1. The faction I describe as the 'specto-Situationist International', always referred to itself simply as the 'Situationist International'. However, since two factions existed, both claiming the title Situationist International - the Nashist group at least had the decency to place the word 'Second' in front of the name - I used the term 'specto' to differentiate the Debordist faction from the original SI, which existed before the split of '62. The term 'specto' refers to the theory of the 'spectacle', to which the Debordist faction clung in the way a Jesuit clings to the idea of 'God'.

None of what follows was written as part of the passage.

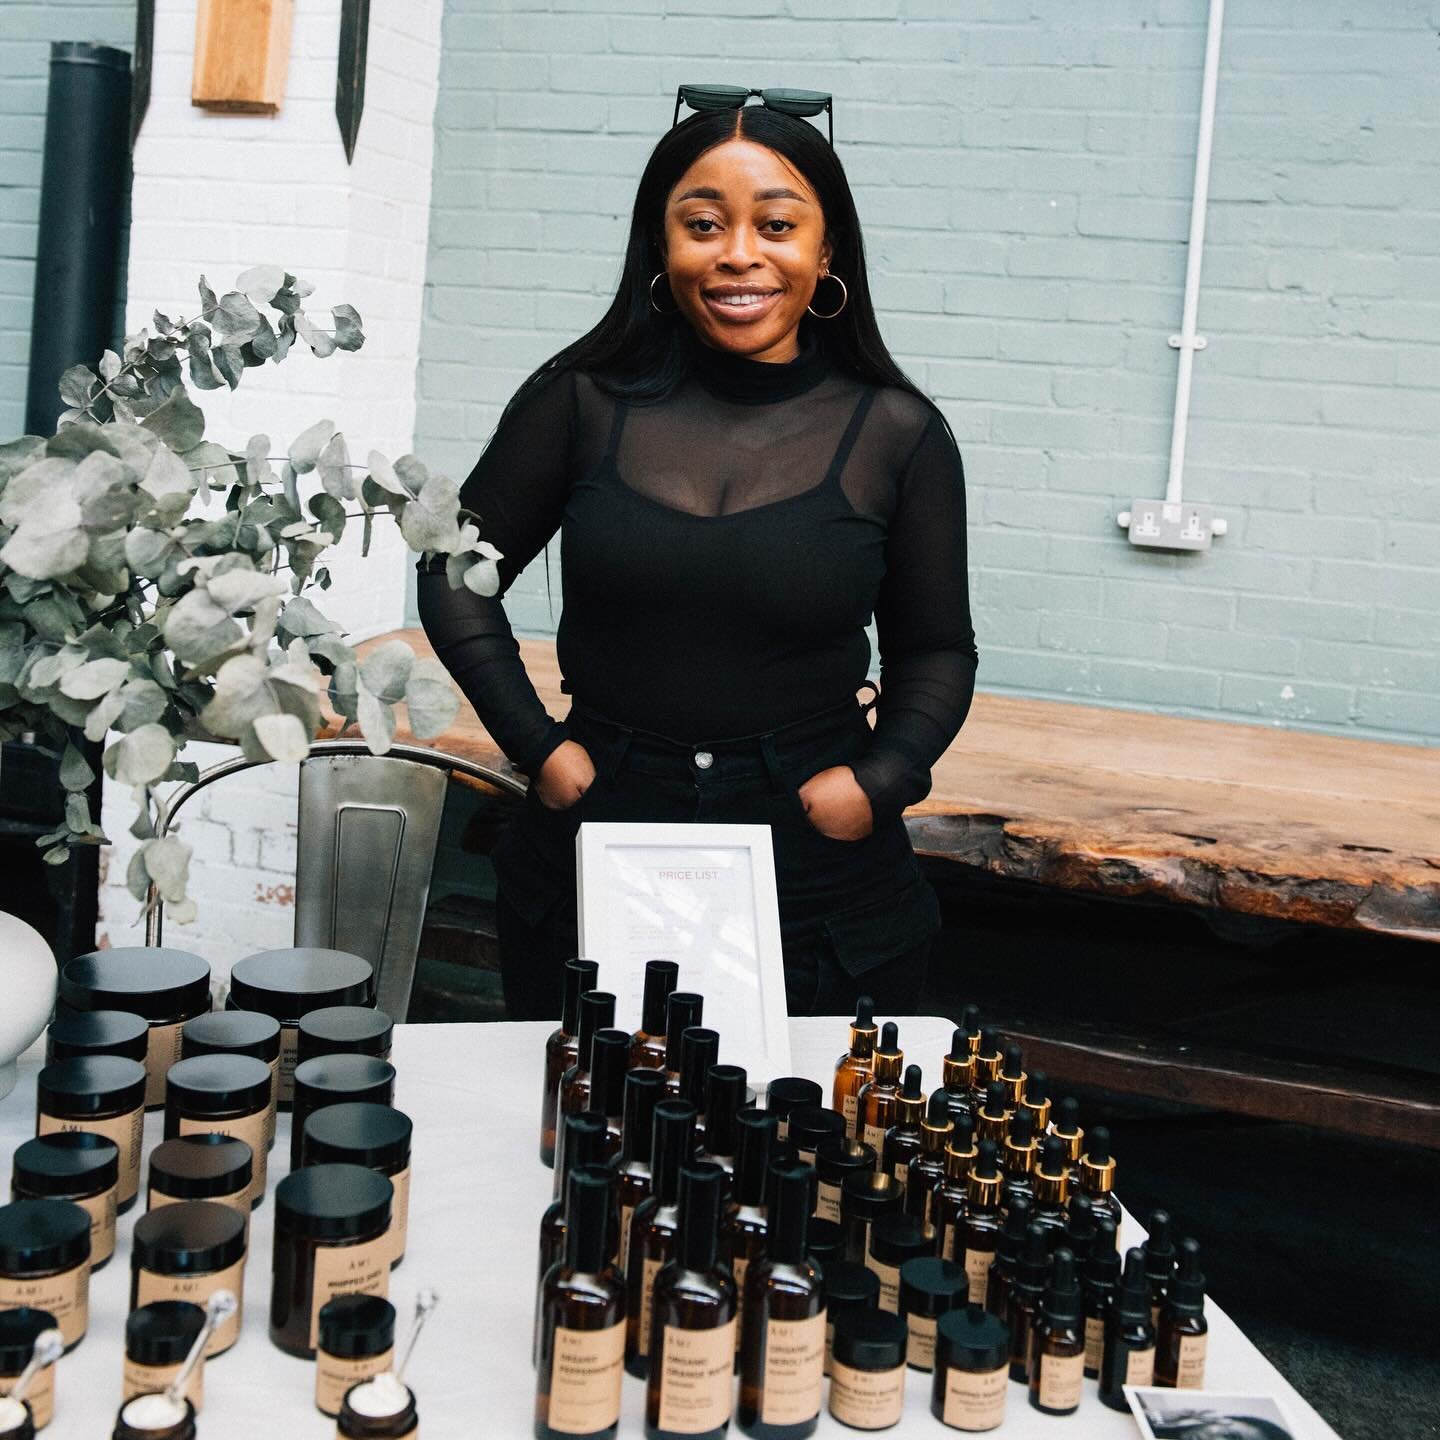 So very chuffed with the lineup at our next makers market on Saturday 1st June inside @batterseapwrstn ✨ Here are two more wonderful small businesses taking part with us! 

🖤 @amilondon 🖤 AMI London is a skincare and wellness brand formulated by a

2. For an earlier and more elaborate version of this argument see David Jacobs & Christopher Winks "AT DUSK - The Situationist Movement In Historical Perspective" (Perspectives, Berkeley 1975). See also Mark Shipway's essay "Situationism" in Rubel & Crump (eds) "Non-Market Socialism in the Nineteenth and Twentieth Centuries" (MacMillan, Basingstoke & London 1987) for a less 'theoretical' explanation of how the specto-SI projected trends occurring within a specific stratum of French society across class and national boundaries and into a universal 'theory'.